BDBoop
Platinum Member
- Banned
- #2,721
Not much going on, except I've worked for a couple of days on neutrals, which I'd put off indefinitely before. I didn't have all the colors, but I got enough to start collecting patterns for horses and stuff.
I also found a collection of somebody's roses in an unfinished set that are so different, I'm not sure what to think, except this group may have been handed down.. The pinks are pretty similar, though, but some things about the work is inconsistent--maybe done at different times, but never finished. There were under 20 squares, but only 10 are finished, 2 are in process of being almost finished, and the rest are grossly faded shades of red and blue into the muslin, which isn't all that great a quality, but beggars can't be choosers, and I got it for the price of a couple of yards of muslin, which is less probably the same amount of ruined squares. I'm not sure I want to put all that much work into the leftovers, because the color of the pencils ran, so the worker may have used an office pencil red instead of an embroidery washout pencil, which likely wasn't to be had at the time this quilt top was started. I will say this, though; someone put a lot of work in what is here, so hopefully I can get a couple of charity quilts from their effort, for some little girl who likes pink.
One of the finished Ebay rose quilt block "finds" is below. It doesn't show the white areas in the 10- or 11-inch block (didn't measure) but here it is:
My mom made me a pillowcase with those roses and it was wavy at the end and had different shades of green embroidery at the end. I got it for my 8th birthday. My sister thought I was stupid because I thought it was the best present ever.
Oh, my BDBoop. I have about 6 other sets I found on ebay at low bids. People must not be buying like usual lately to not be paying a hundred dollars per set. I'm getting some of them for the starting bid price, which I only bid on because of working for charity. Someone may have spent the better part of 10 years working an hour here, a half hour there, ten minutes at another time getting them all ready to put in a quilt, then somehow it got away from them by giving it a friend who lacked the enthusiasm to finish. If I can get my brother-in-law to take pictures of the roses when one of the tops is complete, I'll try to bring it here so you can see it. Our mothers bought the same patterns in national magazines, but these were worked in two colors only, which was popular with a lot of cross stitchers in years past, and still is. Some of us are a little nutty, and will actually bring a rose home from the flower shop, and actually turn all the lights off, turn a single lamp on to see what one-source light shading would require, or do two or even more light sources to get a more dispersive or do-able color agreement with what shades of pink we have or shades of rose-leaf green if we see something we like under lights with different sources of number, kind, and intensity.

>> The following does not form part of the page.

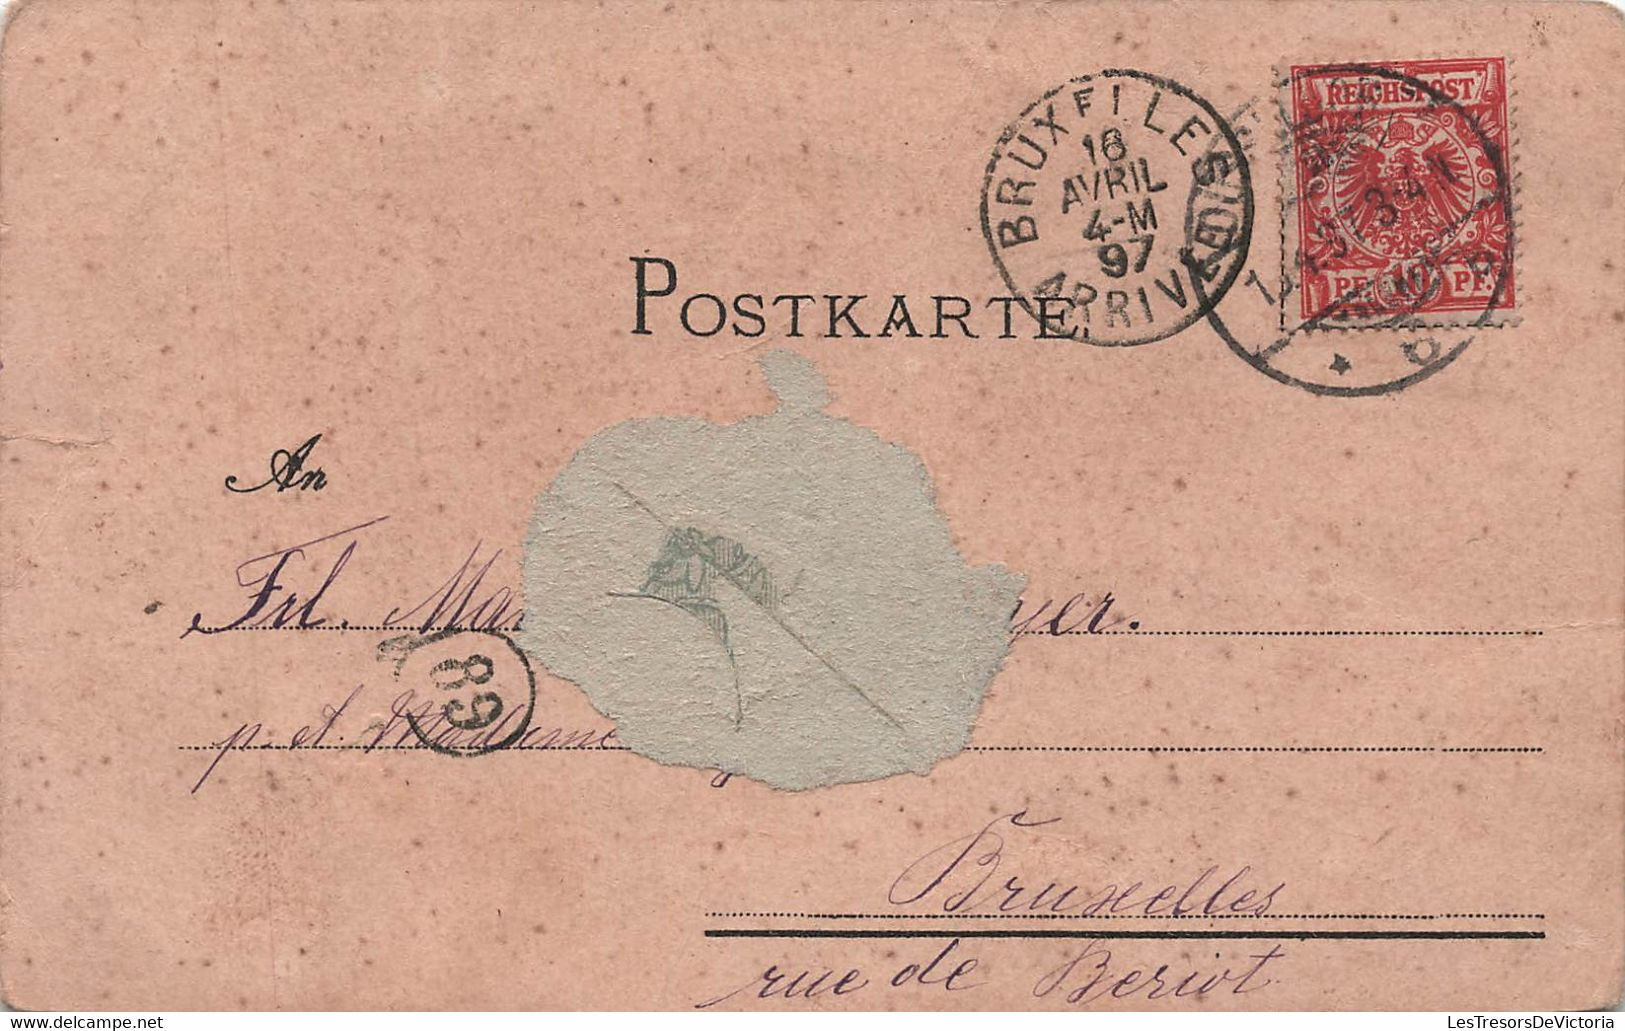 CPA Allemage - Gruss Aus SCHWEINFURT - Carte Multivues - Carte Voyagée Et Oblitérée En 1897 - Schweinfurt

That's a lot of work, but we do it to get things right if we feel challenged to do it. At this point, the one pink and the one green idea, and heck, throw in another pink if ya run out of thread.![]()
Wow.

My mom - I'm surprised she could get any crafting done, but she sewed a LOT. Four daughters, no waiting. She loved to sew. She screamed one time, in the basement in Anoka. I ran downstairs and she was laughing too hard to talk. She'd been sewing merrily away, and a SQUIRREL ran across her sewing table!!!
She had no idea where it came from or where it went.